I am OCR-ing a bunch of pdf-files. This works fine, but parts of the pdf's are black-lined. Actually, they are not really black-lined but 'rectangled with some text within the rectangels'. This text is messing up my OCR, even while using a word-list for targetting the various combinations of '(10)(2e)'.

I am working with .jpg's, converted from pdf's that contain bot text & images (with text in it). Here's a sample:

enter image description here

Since many variations of the '(10)(2e)' are messing up my OCR, my goal is find all rectangles - that most likely contain '(10)(2e)' and fill them. For finding the rectangles I followed this great answer from nathancy: How to detect all rectangular boxes python opencv without missing anything

However - as you can see in the upper green rectangle - sometimes the green rectangles overlap part of the data I need.

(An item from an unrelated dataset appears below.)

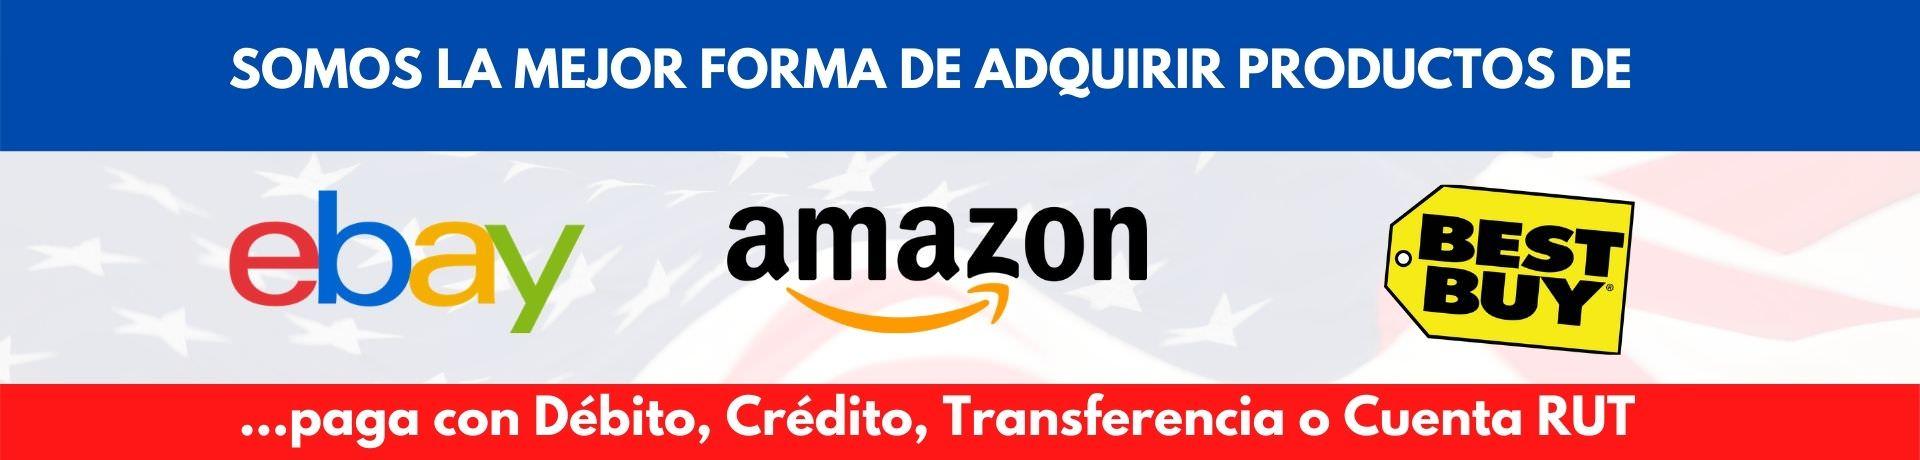 catalog/banner/banner-home-fullcompras-imagen-1-amazon-ebay-bestbuy.jpg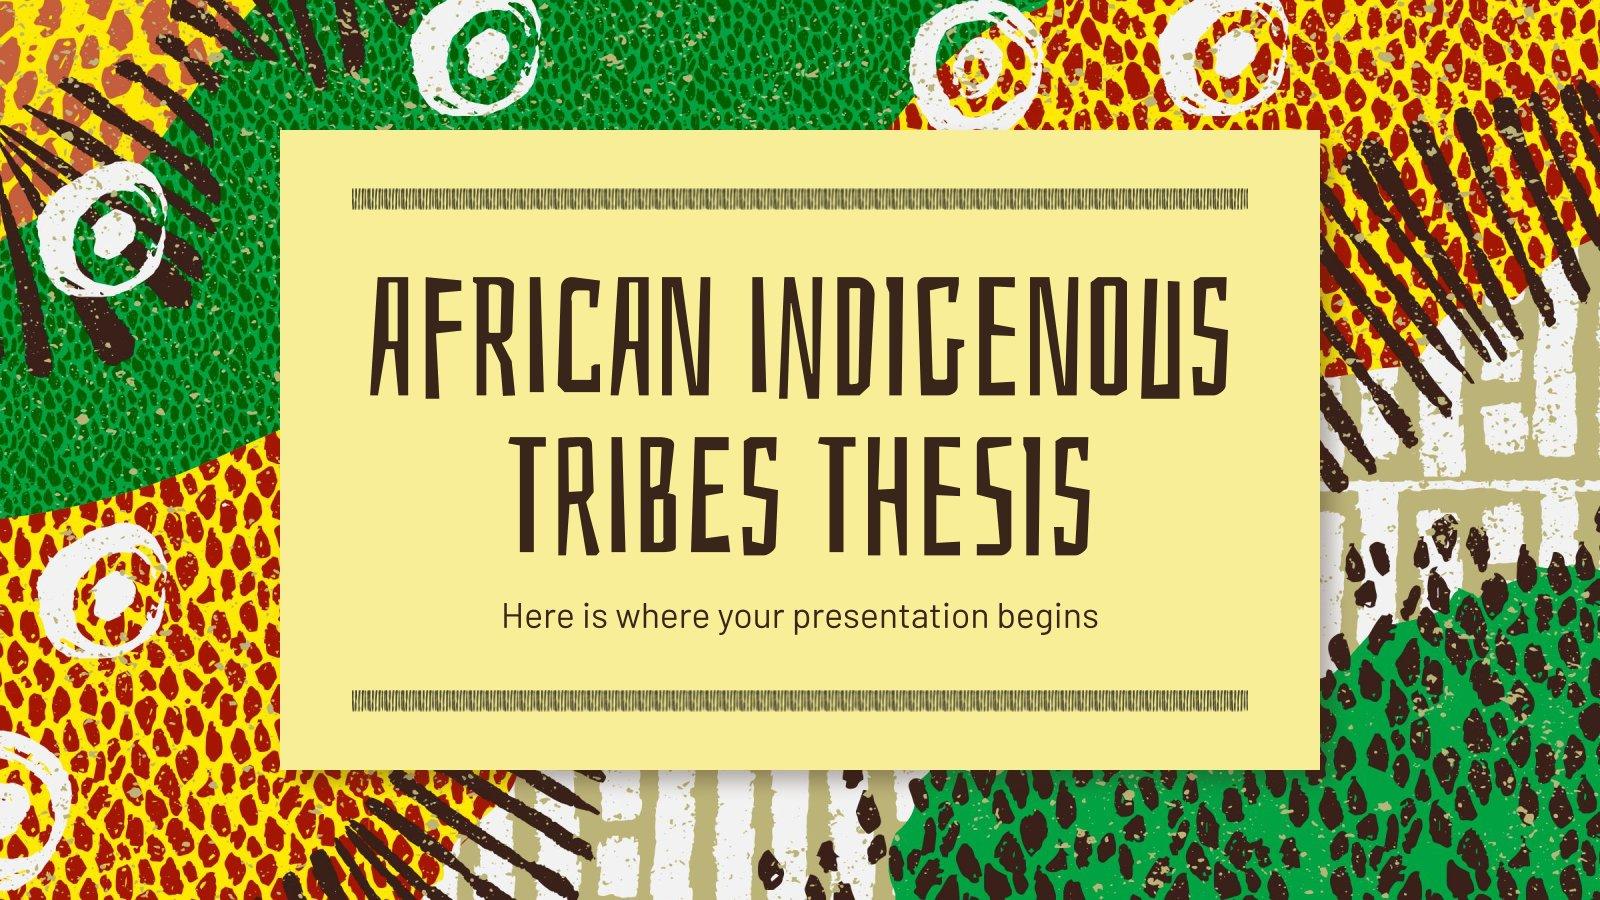 Plantilla de presentación Tesis sobre las tribus indígenas africanas

In this case "@leiden.nl" and "@" in the second line.

I have experimented with many combinations of both (a) other settings for image processing (erode/dilate/blur/thershold) and (b) other settings as suggested in the answer by Nathancy (kernel settings/number of iterations).

What would be best practice for finding the smaller rectangles?

FYI: My code for finding the rectangles is more or less similar to Nathancy's answer:

# https://stackoverflow.com/questions/59979760/how-to-detect-all-rectangular-boxes-python-opencv-without-missing-anything
import cv2

import os
path = os.getcwd()
print(path+'/test_ocr3/_stuff_IN/')

# Load iamge, grayscale, adaptive threshold
# image = cv2.imread(path+'/test_ocr3/_stuff_OUT/'+'1.png')
# image = cv2.imread(path+'/test_ocr3/_stuff_OUT/'+'page_1.jpg')
image = cv2.imread(path+'/test_ocr3/_stuff_OUT/'+'page_1_opt.jpg')
# image = cv2.imread(path+'/test_ocr3/_stuff_OUT/'+'page_1_A_erode_551.jpg')
# image = cv2.imread(path+'/test_ocr3/_stuff_OUT/'+'page_1_B_dilate_551.jpg')
# image = cv2.imread(path+'/test_ocr3/_stuff_OUT/'+'page_1_D_threshold_177255.jpg')
result = image.copy()
gray = cv2.cvtColor(image,cv2.COLOR_BGR2GRAY)
thresh = cv2.adaptiveThreshold(gray,255,cv2.ADAPTIVE_THRESH_GAUSSIAN_C, cv2.THRESH_BINARY_INV,51,9)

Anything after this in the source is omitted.